In languages like rust/c/c++, this might be hard, since you can't grow the stack by moving them (since you'd need to update pointers, which are too visible in those languages, and even identifying a pointer at runtime is undecidable), and segmented stacks cause the "hot-split" problem.
But most languages could just make this problem go away by growing the call stack when needed. A few of them (incl. Haskell) do.
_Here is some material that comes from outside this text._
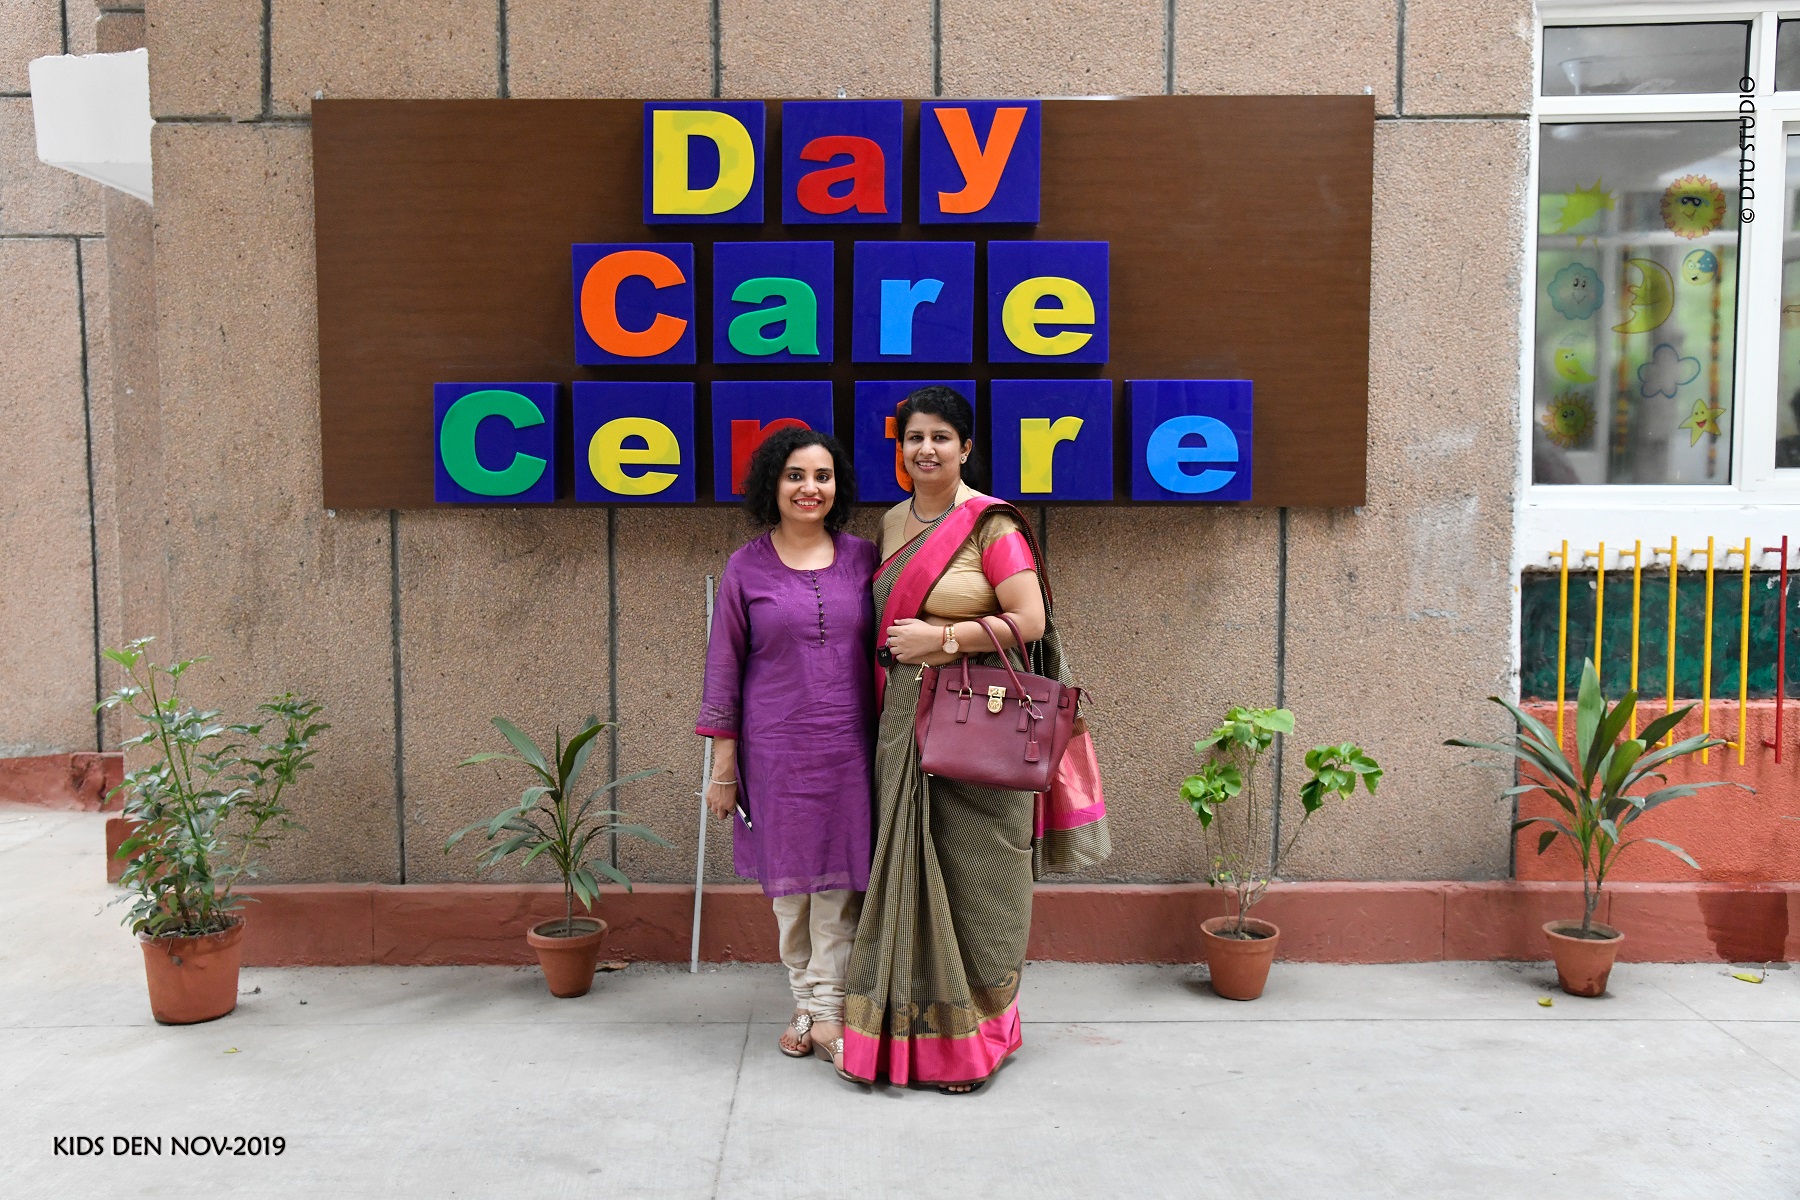 Kids Den DTU 'A Day Care Centre' 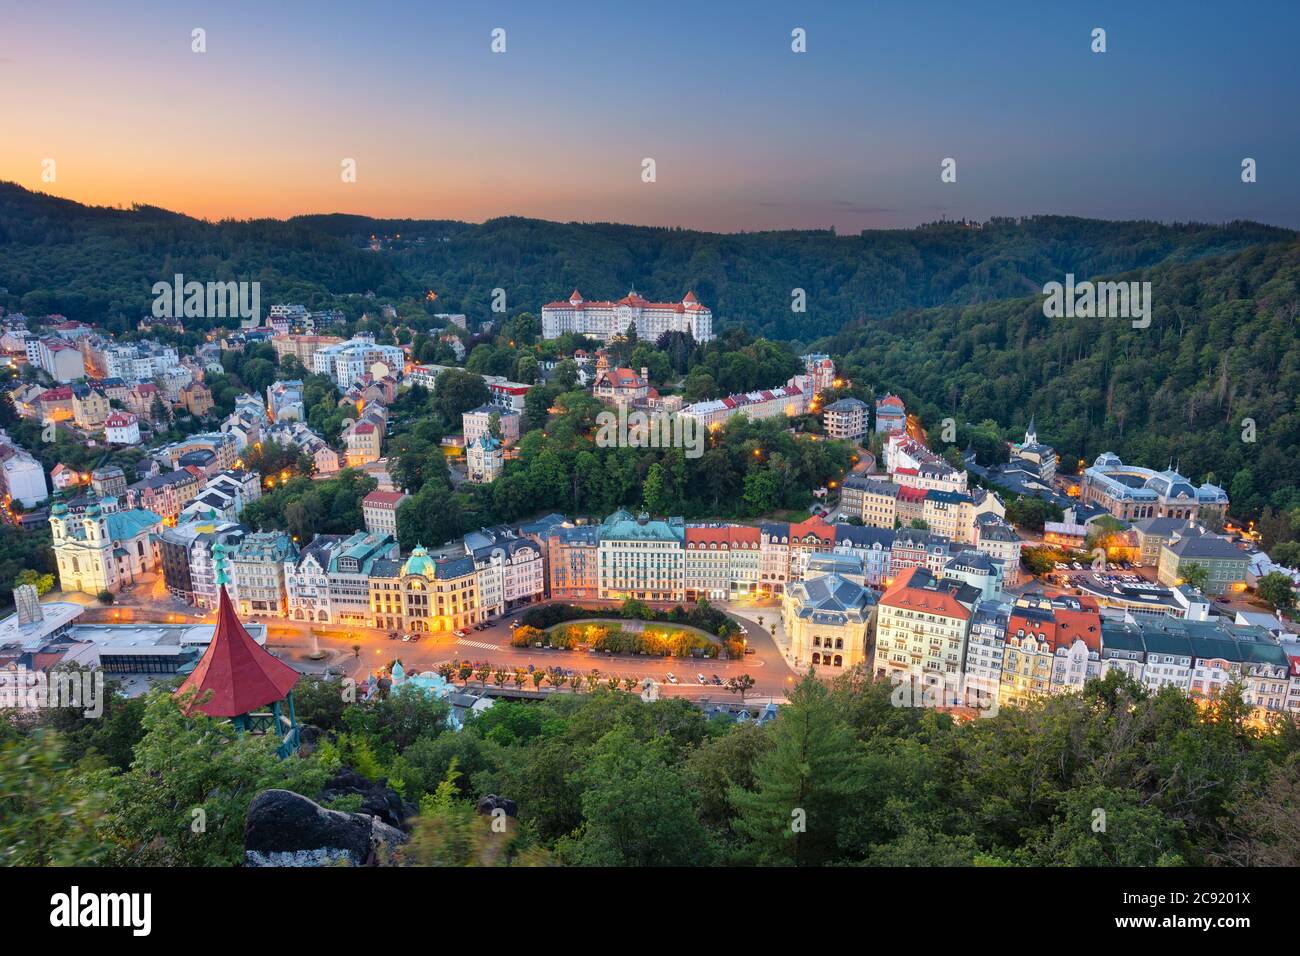 Karlovy Vary, Repubblica Ceca. Immagine aerea di Karlovy Vary (Carlsbad), situato nella Boemia occidentale, all'alba. Foto Stock

I'm following suit in a language I'm working on.
If you want the gory details https://www.microsoft.com/en-us/research/wp-content/uploads/...
In another HN thread there is much discussion about Rust using, in effect, segmented stacks to implement async-await.
Perhaps you could code a recursive descent parser in Rust using async functions, so that the Rust compiler converts it to a heap-allocated state machine for you.
Discussed on HN:
• in 2016: https://news.ycombinator.com/item?id=12796556
• in 2018: https://news.ycombinator.com/item?id=16897061
I can imagine it'd be a lot easier to overwhelm and DDoS a server that attempts to parse incoming JSON requests without any depth bounds too.
[[[[]]]] is still only 4 objects worth of memory on a stack.
A parser that limits the maximum depth of the input can still be made to consume gigabytes of memory on an input of several gigabytes, and there is nothing wrong about that.
Size limits on a production server should be enforced before even starting to parse the JSON, but this has nothing to do with the issue highlighted here.